Organization of Life & Abiotic/Biotic
Biomes, Climate, Weather & Ecosampling
Predator/Prey, Symbiosis & Food Webs
Producers/Consumers, Energy Pyramids & Energy Flow
Cycles & Human Impacts
100

These are the non-living parts of an ecosystem, such as sunlight, temperature, soil, and water.

What are abiotic factors?

100

This term describes day-to-day conditions like temperature and precipitation.

What is weather?

100

This is the relationship where one animal hunts and eats another.

What is predator–prey?

100

Organisms like plants and algae that make their own food using sunlight.

What are producers?

100

These gases, such as carbon dioxide and methane, trap heat in Earth’s atmosphere.

What are greenhouse gases?

200

A group of organisms of the same species living in the same area at the same time.

What is a population?

200

This term describes the long-term average of temperature, precipitation, and weather patterns.

What is climate?

200

A relationship where both organisms benefit — like bees and flowers.

What is mutualism?

200

Animals that eat only plants.

What are herbivores (primary consumers)?

200

Burning these fuels releases stored carbon into the atmosphere as CO₂.

What are fossil fuels?

300

All the different populations living together in one area.

What is a community?

300

A large geographical region with specific climate conditions, plants, and animals (examples: tundra, desert, rainforest).

What is a biome?

300

A relationship where one organism benefits while the other is harmed — like ticks on a dog.

What is parasitism?

300

These consumers eat both plants and animals.

What are omnivores?

300

Fossil fuels are formed from these ancient materials under heat and pressure over millions of years.

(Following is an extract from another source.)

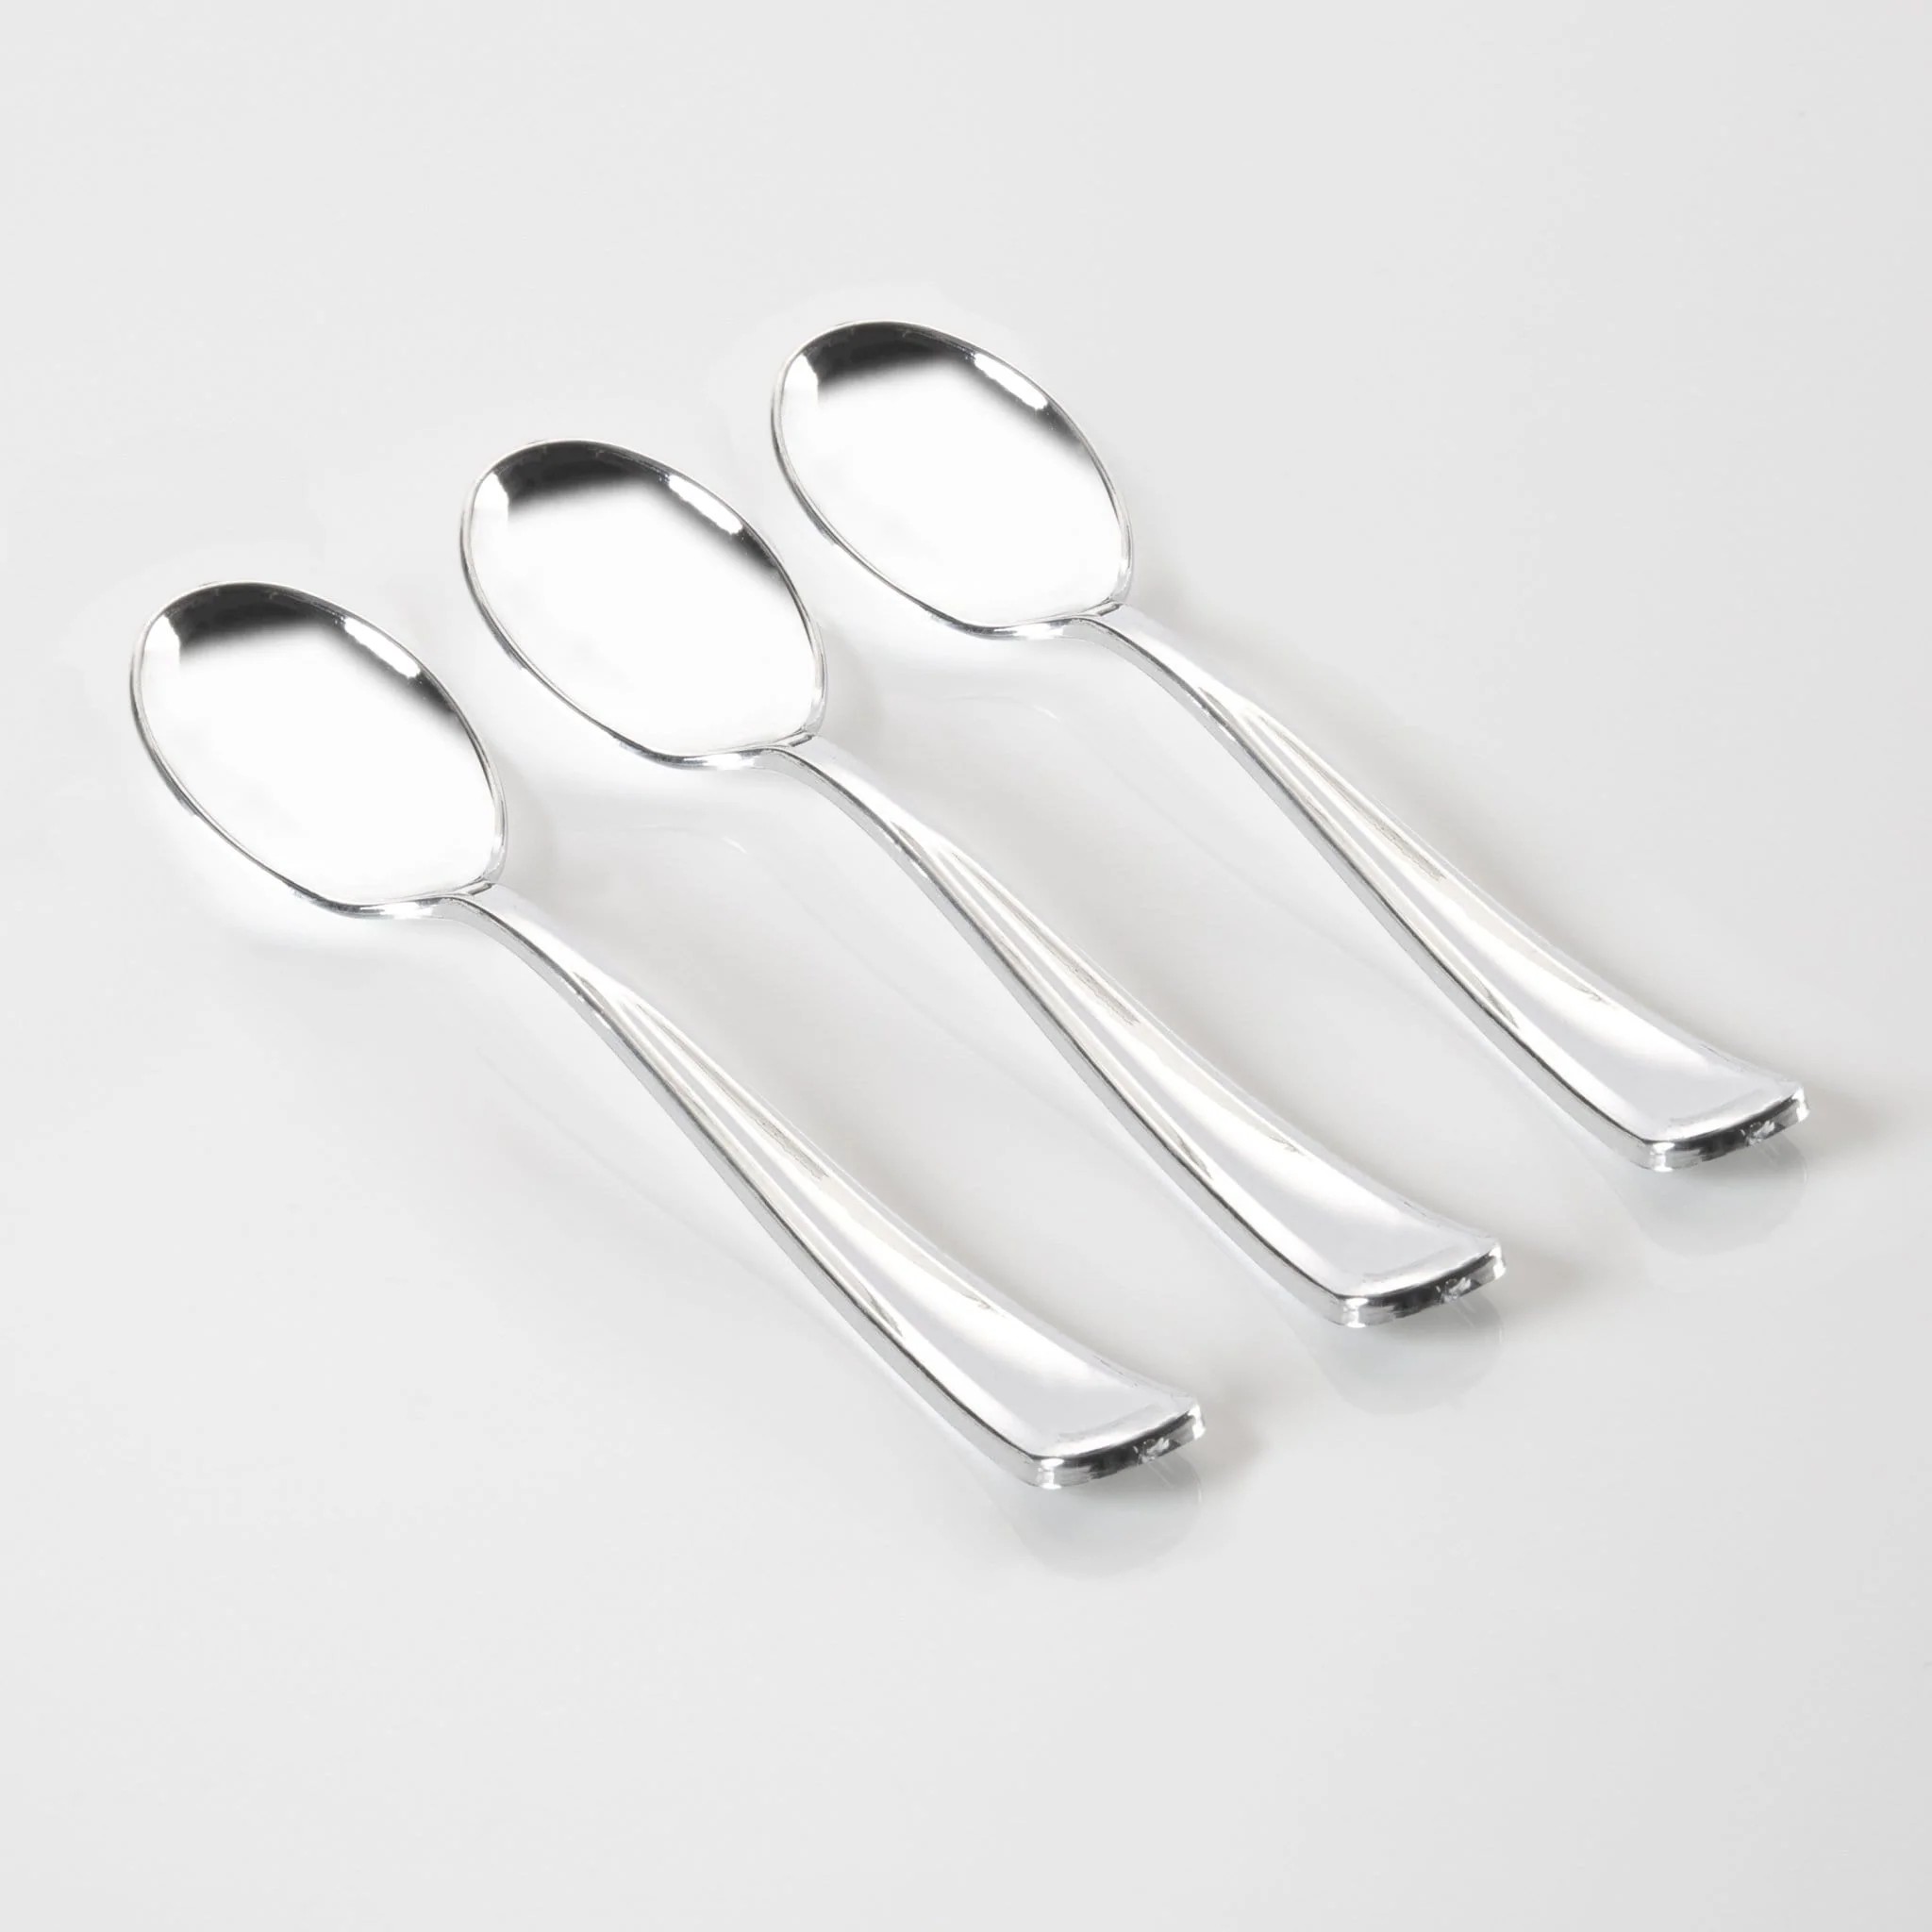 Luxe Party Classic Design Silver Plastic Spoons - 20 pcs

What are dead plants and animals (organic matter)?

400

This level of organization includes all biotic and abiotic components interacting together.

What is an ecosystem?

400

This scientific technique involves counting or estimating species in small sample areas to draw conclusions about the whole ecosystem.

What is ecosampling?

400

In a food web, these organisms break down dead materials and return nutrients to the soil.

What are decomposers?

400

Only about this percentage of energy is transferred from one trophic level to the next.

What is 10%?

400

Humans disrupt the carbon cycle by doing this, which removes trees that normally absorb carbon dioxide.

What is deforestation?

500

These three spheres — the lithosphere, hydrosphere, and atmosphere — together support all life on Earth.

What is the biosphere?

500

Give one ecological consequence of humans damming a river.

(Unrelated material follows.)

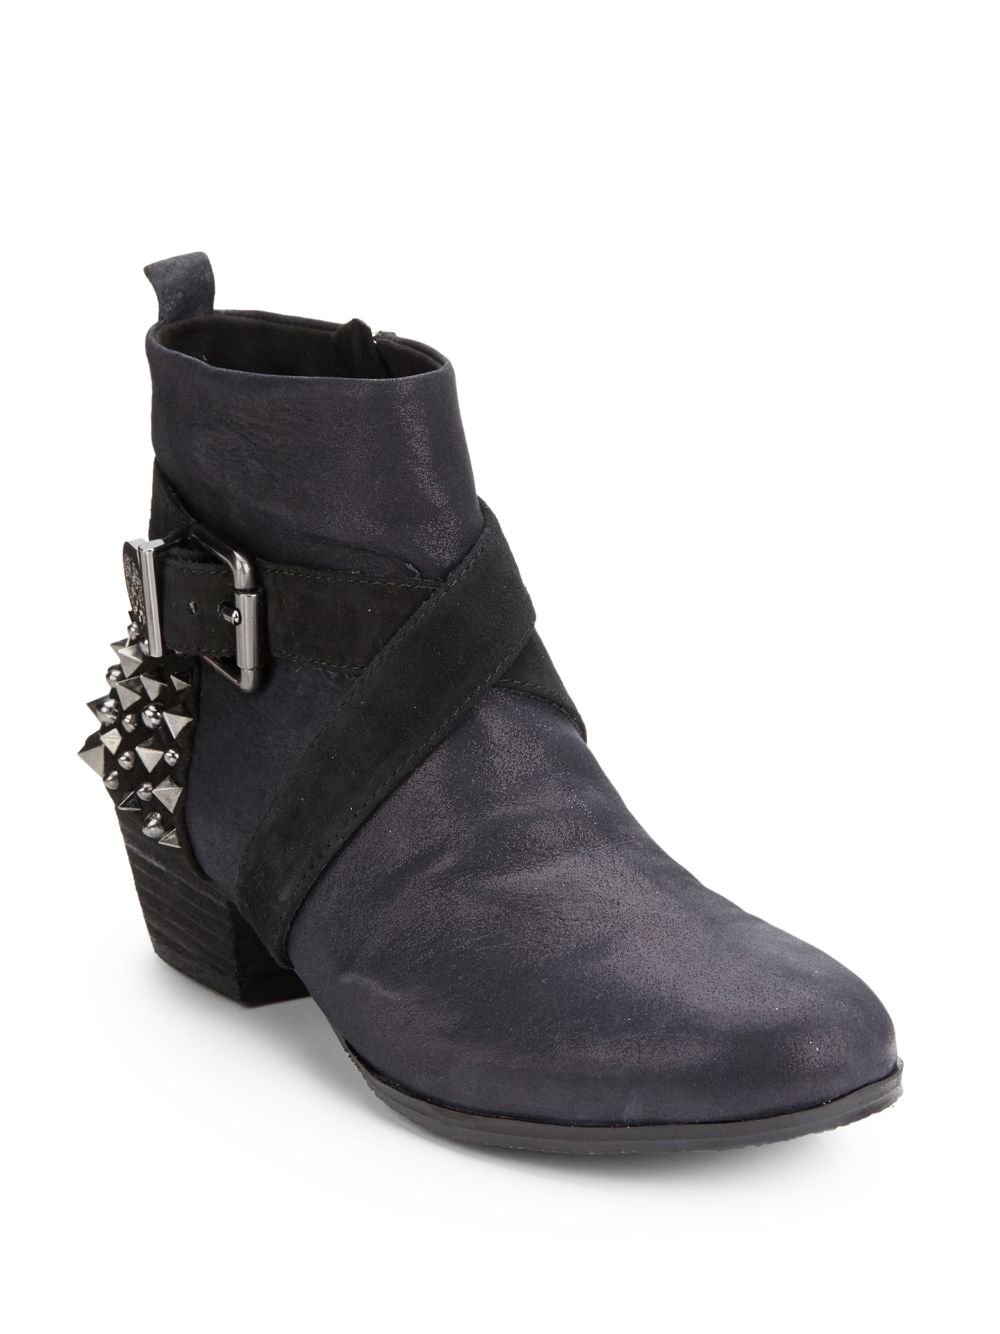 Vince Camuto Marcin Studded Ankle Boots in Gray (grey black) | Lyst

What is… (any of the following)?

  • blocking fish migration

  • flooding upstream habitats

  • reducing downstream water flow

  • altering sediment movement

  • destroying wetlands

  • changing water temperature

  • reducing biodiversity

500

This term describes how energy moves from producers to consumers and decreases at every level.

What is energy flow (or a food chain/web)?

500

This pyramid model shows that the amount of energy decreases as you move from producers to top predators.

What is an energy pyramid?

500

This process explains how greenhouse gases contribute to global warming.

What is the greenhouse effect (trapping heat and increasing global temperatures)?